Conclusions. These data aid in the classification of uncommon HCV subtypes while also providing a high-resolution view of viral diversity within infected patients, which may be relevant to the development of therapeutic regimens to minimize drug resistance.

Keywords: Hepatitis C virus, pyrosequencing, subtype classification, drug resistance mutations, viral diversity


Hepatitis C virus (HCV) is an enveloped, positive-strand RNA virus belonging to the Hepacivirus genus in the Flaviviridae family. Seven confirmed genotypes (1–7) are generally distinguished by phylogenetic methods and pair-wise distance calculations [1, 2]. On the basis of full genome nucleotide sequences, HCV genotypes diverged from each other by a pair-wise distance of >30%. Individual genotypes can be further divided into more closely related subtypes that diverged by a pair-wise distance of 15%–30%. All viral genotypes retain their repertoire of colinear structural and nonstructural genes, thereby facilitating preliminary genotype classification on the basis of partial genome sequences of short fragments (approximately 300–400 nucleotides) in the structural core/E1 region and the nonstructural NS5B region [3]. However, full genome sequences remain indispensible for the detection of genome recombination events.

While only recombinant HCV genotype 2 k/1b viruses have been found to actively circulate in the population so far [47], recombinants of genotypes 2/5, 2b/1b, 2b/1a, and 2i/6p have been detected in single isolates from humans [811]. Furthermore, the frequency of HCV intergenotype and intragenotype recombination may be underestimated because of the lack of robust detection methods [12, 13]. Although genotyping based on core/E1 or NS5B sequences has resulted in the provisional classification of a large number of subtype variants within each genotype, at least 1 but preferably ≥2 full genome sequences are required to confirm subtype designation [2, 12].

Accurate genotype and subtype classification is clinically important because major genotypes differ considerably in their response rates to treatment with pegylated interferon and ribavirin and with directly acting antiviral drugs (DAAs) that are designed mainly against genotype 1 isolates. The limited efficacy of DAAs against other genotypes has been shown for genotype 3 [14], and treatment response rates for drug regimens containing boceprevir (an NS3 protease inhibitor) or BMS-790052 (an NS5A inhibitor) were found to vary even between subtypes 1a and 1b [15, 16]. Different baseline frequencies of drug resistance mutations may account for these differences [17], and such variation might become more significant if interferon-free regimens containing 1 or more DAAs could indeed displace the current standard of care [18]. Until clinically tolerable DAAs with high barriers to resistance against the complete spectrum of HCV genotypes become available [18, 19], accurate subtype determination and, possibly, drug resistance profiling of the individual's viral population may guide the optimal choice of drugs.
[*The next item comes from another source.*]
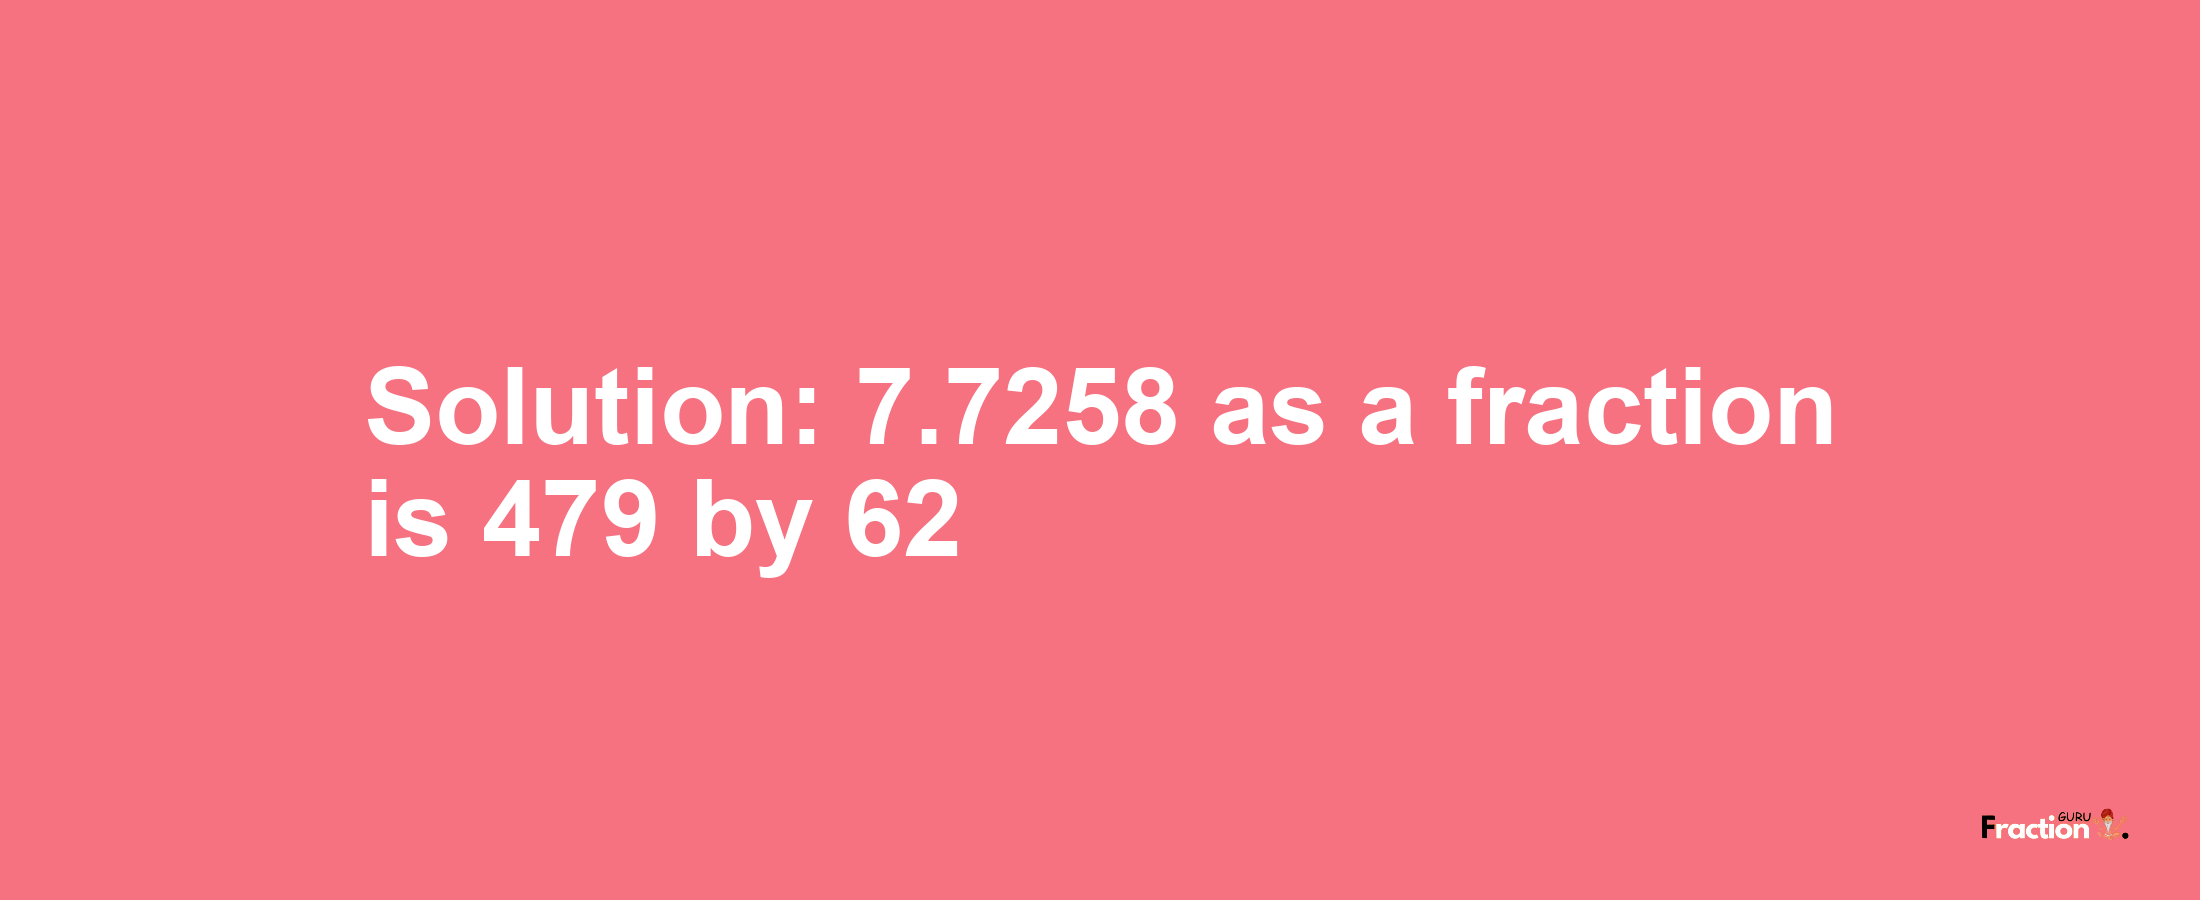 Solution:7.7258 as a fraction is 479/62

Full genome deep sequencing, as performed in this study, allows the identification of drug resistance mutations across the genome that may exist as dominant or minor variants in treatment-naive patients, thereby informing the design of therapeutic regimens.

METHODS

Sample Collection

Plasma samples obtained from HCV-infected patients in Canada and the United Kingdom were received with no accompanying patient-associated demographic or clinical information. This study was approved by the Massachusetts General Hospital Review Board and was granted exemption by the Massachusetts Institute of Technology and Massachusetts General Hospital Review Boards as discarded diagnostic samples. Preliminary HCV genotypes were assigned by the clinical centers, and all samples were thought to represent poorly characterized variants of genotypes 2–4.

Polymerase Chain Reaction (PCR) Amplification, Viral Sample Preparation, and Genome Sequencing

RNA isolation, complementary DNA generation, and PCR amplification within the 5′ untranslated region (UTR) and 3 small sequence islands, followed by amplification of 2 hemi-genome fragments that covered the entire protein coding region, were performed as previously described [20], using primers described in Supplementary Table 1. The 5′ UTR and small sequence islands underwent conventional Sanger sequencing. Pooled hemi-genome PCR products were sequenced by Roche/454, and a de novo assembly was generated as previously described [21]. Any ambiguities in 454 assemblies were resolved using Sanger sequencing. All full genome sequences used in this study have been submitted to Genbank (accession numbers JX227949–JX227979).

Alignments

All unique, nonrecombinant, full-length HCV genomes found in the Los Alamos Hepatitis C Sequence Database (http://hcv.lanl.gov), along with sequences generated in this study, were used for analyses. For core/E1-NS5B analyses, the Los Alamos National Laboratory (LANL) HCV database was searched for all isolates with available sequences for both core/E1 and NS5B (nucleotide positions 869–1292 and 8276–8615, according to genotype 1a reference strain H77). The intersection of isolates containing both of these sequences was examined on a genotype and subtype level.

Multiple alignments were performed in MUSCLE v3.8.31 [22], using default parameters with 5 iterative refinements. A total of 193 full-length genomes (excluding recombinants) were trimmed to the coding sequence producing a master alignment of 9323 bases (including gaps). Any gaps in the triplet of nucleotides underlying codons were removed from the entire alignment in a greedy fashion, thereby conservatively eliminating any alignment artifacts. For the genotyping fragment trees that included 300 viral strains for which both regions of core/E1 (869–1292) and NS5B (8276–8615) were available, these regions were concatenated into an alignment of 779 nucleotides (including gaps). No gap stripping was performed on the genotyping fragment sequences.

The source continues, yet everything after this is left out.